Tag: Jotform

Why AI Is Becoming an Operational Necessity in Education

Artificial intelligence is no longer a future-facing experiment in education. For many schools and institutions, it is quickly becoming a practical response to shrinking budgets, staffing shortages, and mounting administrative workloads.

A new EdTech Trends 2026 report from Jotform underscores this shift, finding that 65 percent of educators are already using AI tools in their day-to-day work. The takeaway is not that educators are chasing the latest technology trend, but that they are seeking relief from systemic pressures that have intensified over the past several years.

AI adoption is being driven by workload, not novelty

The report makes clear that AI adoption is largely pragmatic. Nearly half of educators using AI say they apply it to both instructional and administrative tasks. From summarizing long documents and drafting communications to supporting lesson planning, AI is being used to reduce time spent on repetitive work rather than to replace teaching itself.

This distinction matters. Educators are not embracing AI to automate learning, but to protect time for it. As responsibilities expand beyond the classroom, AI is increasingly viewed as a productivity layer that helps educators stay focused on students instead of paperwork.

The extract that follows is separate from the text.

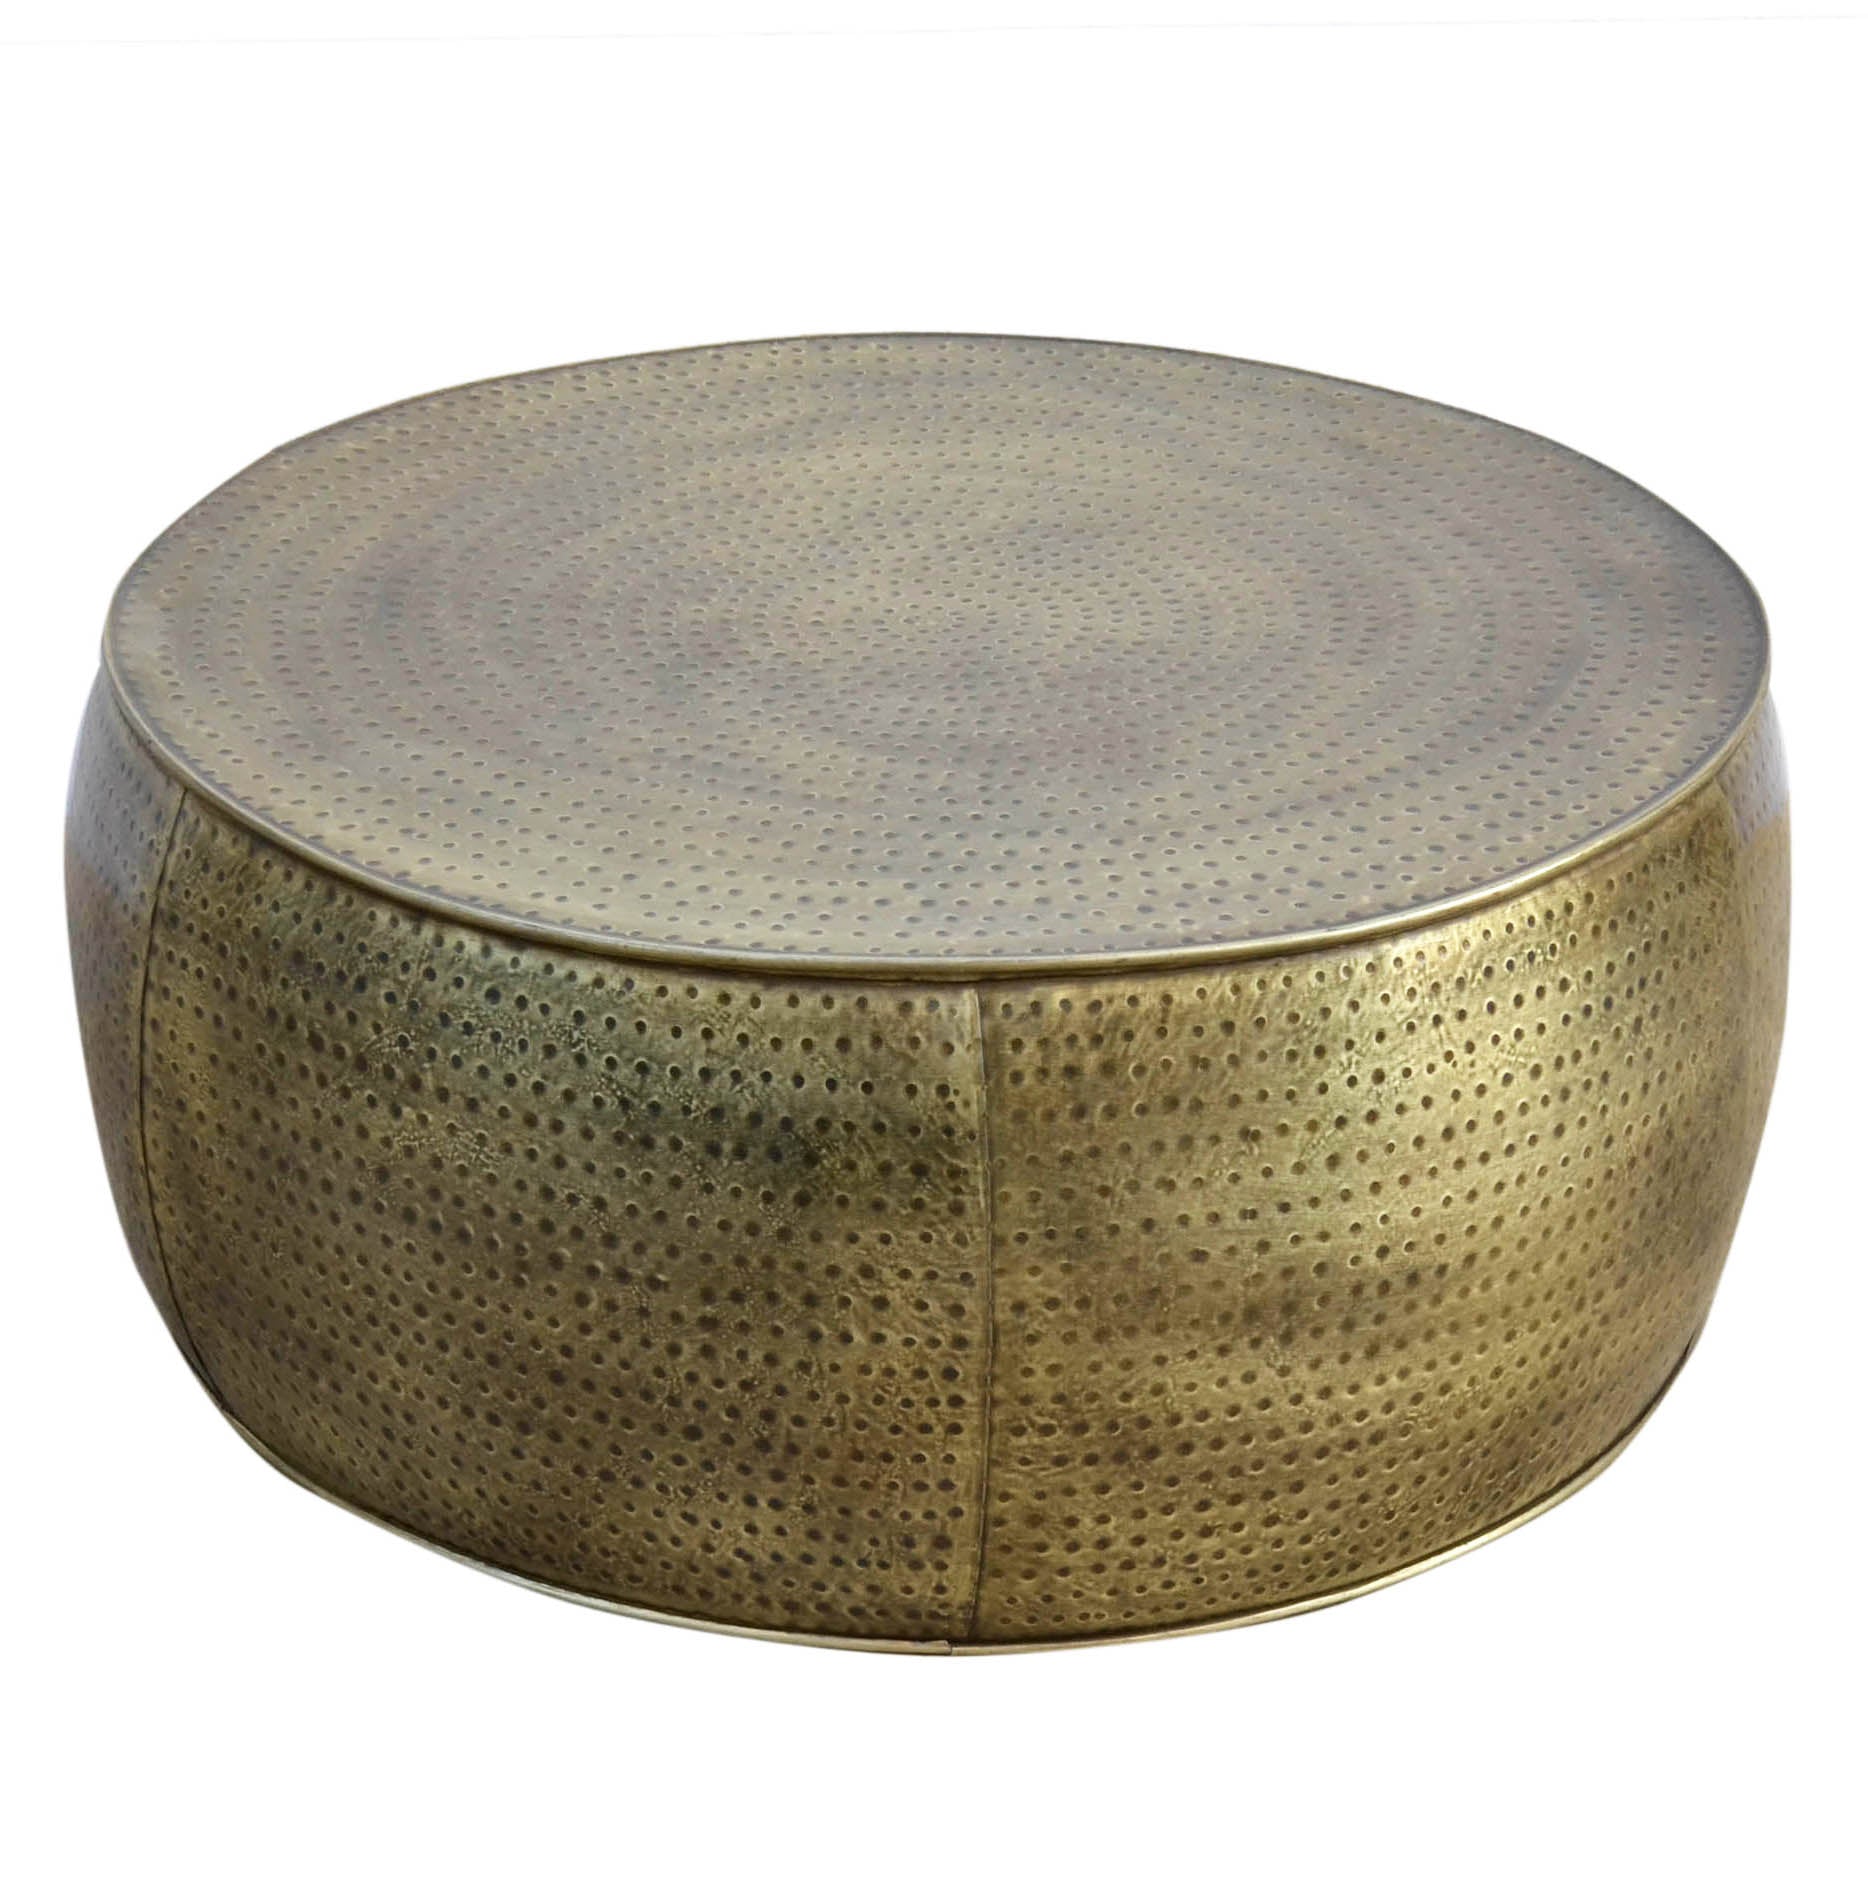 Brass Look Drum Coffee Table - decorstore

Tool sprawl is limiting the impact of edtech investments

Despite widespread technology adoption, the report highlights a persistent problem for education IT leaders: fragmentation. While 77 percent of educators say their digital tools work well individually, nearly three quarters cite poor integration between systems as a major frustration.

Educators report using an average of eight digital tools, and many describe the experience as overwhelming. Even with these tools in place, manual tasks still consume several hours each week. This disconnect illustrates a broader issue across education technology. The challenge is no longer access to tools, but how well those tools work together.

AI is filling gaps created by staffing and funding pressures

Concerns about infrastructure funding cuts were cited by more than half of survey respondents, reinforcing the reality that many institutions are being asked to do more with fewer resources. In this environment, AI is increasingly positioned as a stopgap solution.

Most educators report using AI for research, brainstorming, and content creation, tasks that often spill into evenings and weekends. By accelerating these workflows, AI helps mitigate burnout without fundamentally changing how education is delivered.

However, relying on AI to offset staffing and budget challenges also raises questions about sustainability. Without thoughtful implementation, AI risks becoming another layer of complexity rather than a meaningful solution.

Ethics and trust remain unresolved

The report also reflects ongoing concerns around data security and ethical use. As AI tools handle sensitive student and institutional information, educators are rightly cautious about transparency, privacy protections, and long-term accountability.

These concerns are not barriers to adoption, but they are signals that governance and policy must evolve alongside technology. Trust will play a decisive role in determining how deeply AI becomes embedded in education systems.

Integration will define the next phase of AI in education

What emerges most clearly from the report is that AI’s future impact will depend less on innovation and more on integration. Educators are already willing to use AI, but they want fewer platforms, cleaner workflows, and systems that communicate with one another.

For education IT leaders, the next phase of AI adoption will be about ecosystem design rather than tool selection. Institutions that prioritize interoperability, training, and ethical frameworks will be better positioned to turn AI from a tactical fix into a strategic asset.

In education, AI is no longer about what is possible. It is about what is practical, sustainable, and aligned with the realities educators face every day.